Provided data:
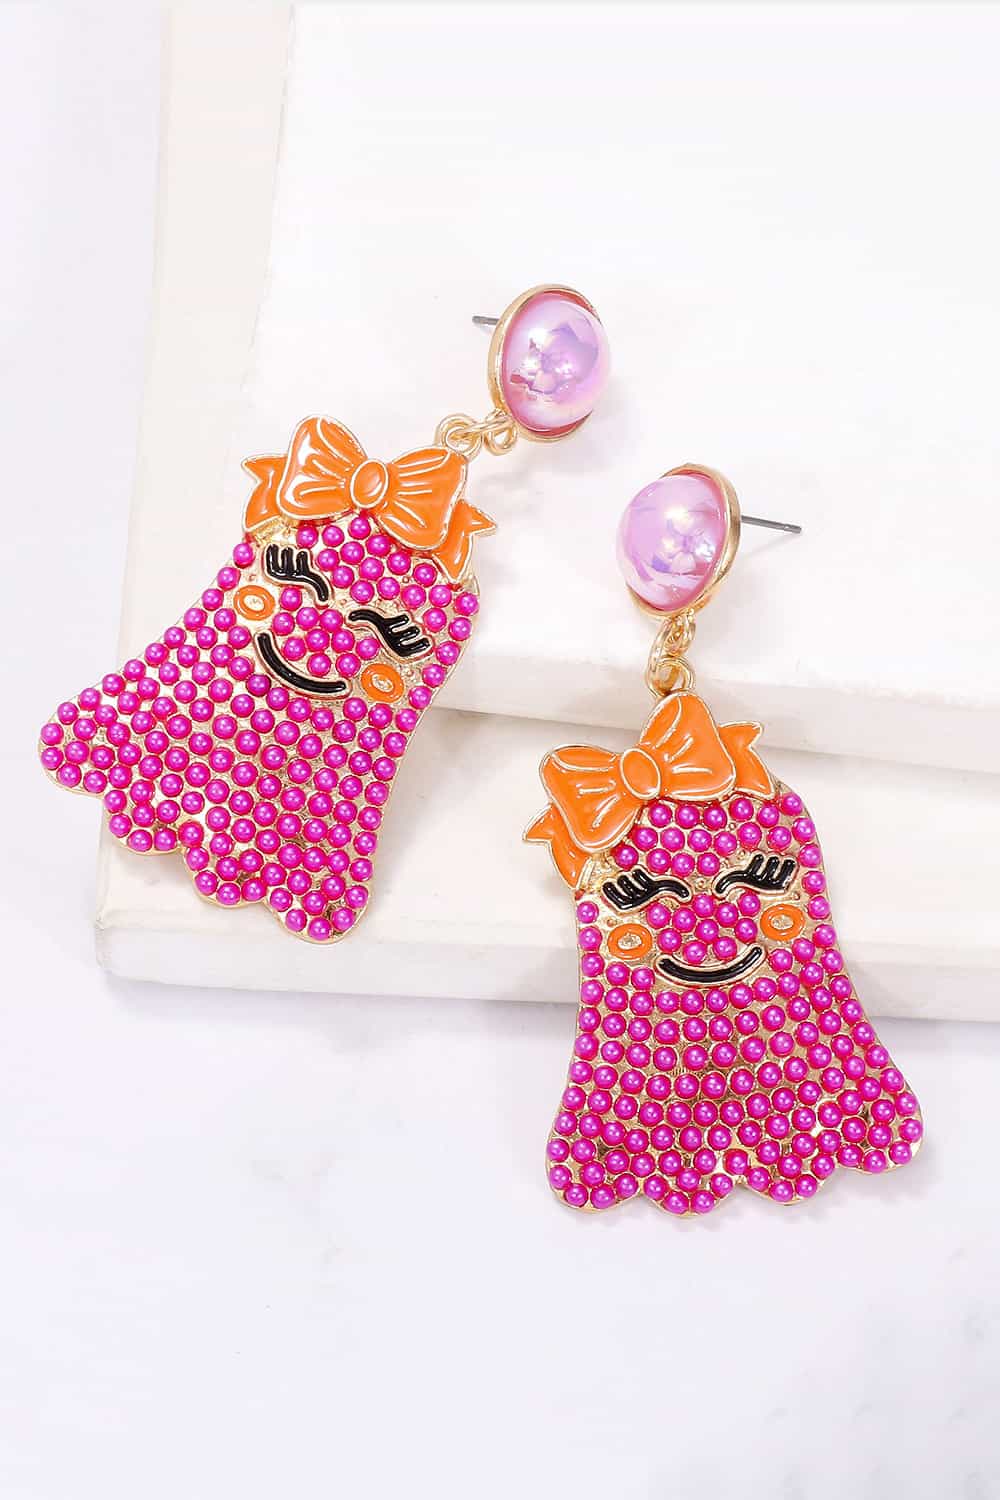 Smiling Ghost Shape Synthetic Pearl Earrings - Kawaii Stop - Charming Earrings, Dangle Earrings, Delightful Design, Dress with a Smile, Exquisite Jewelry, Ghost Shape, J.J.S.P, Joyful Fashion, Modern Style, Must-Have Accessories, Playful Accessories, Ship From Overseas, Shipping Delay 09/29/2023 - 10/04/2023, Spread Positivity, Statement Earrings, Stylish Accessories, Synthetic Pearl Jewelry, Unique Style, Whimsical Fashion, Zinc Alloy
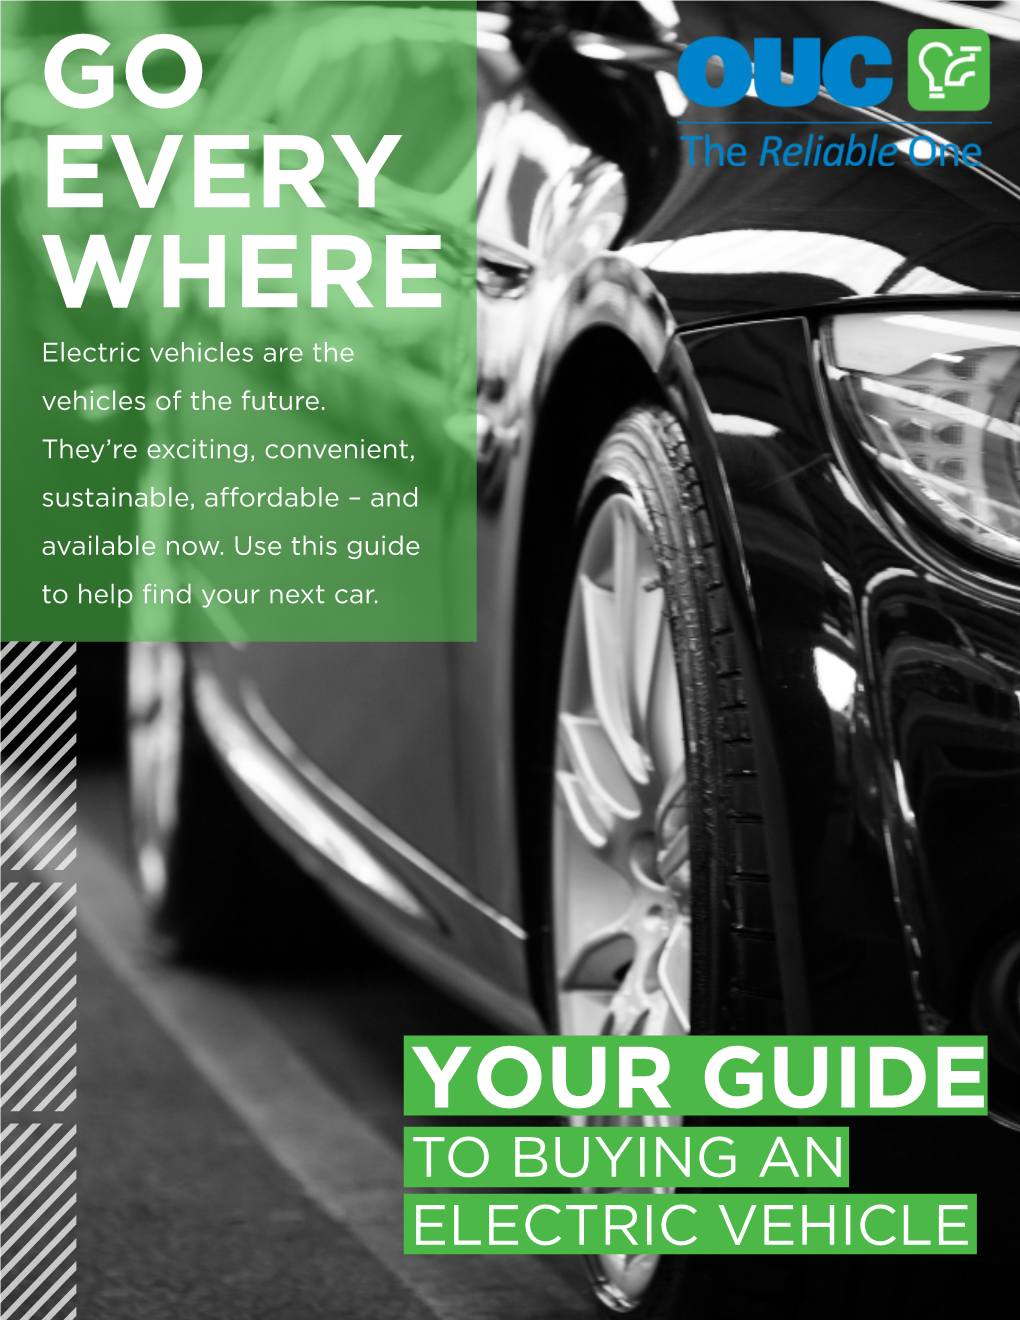 Download OUC's 2021 Buyer's Guide
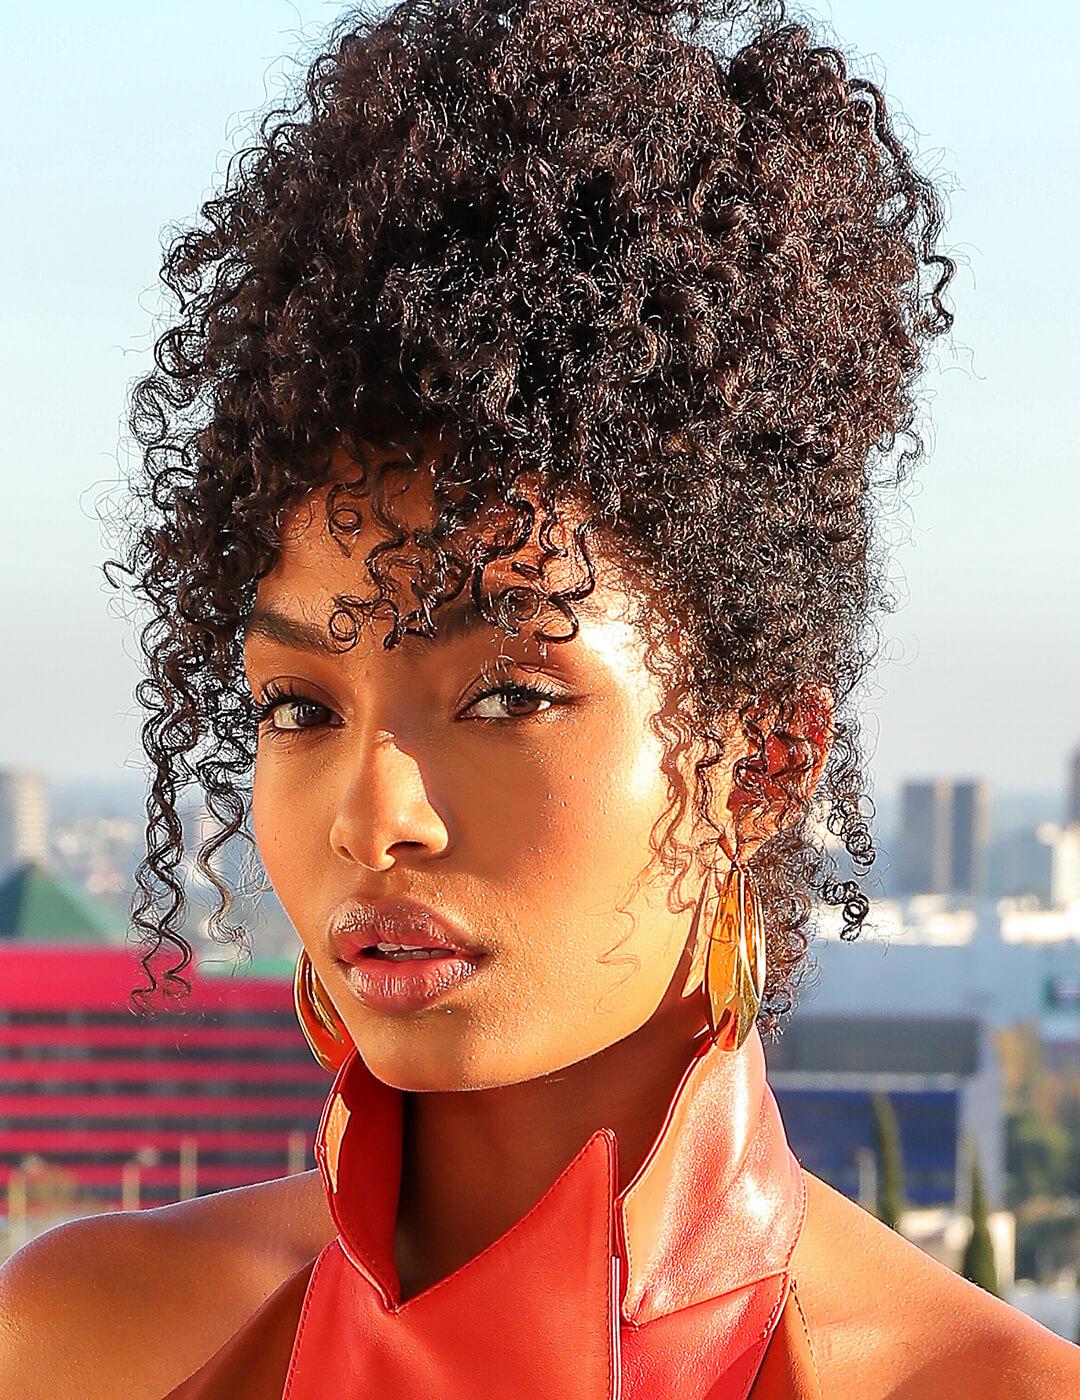 Yara Shahidi rocking a curly updo hairstyle during golden hour

Exercise goal:
Which lines run from the one containing "Download OUC's 2021 Buyer's Guide" to the end of the data above? Set down those lines exactly, and only those, without any pictures.

The answer:
 Download OUC's 2021 Buyer's Guide
 Yara Shahidi rocking a curly updo hairstyle during golden hour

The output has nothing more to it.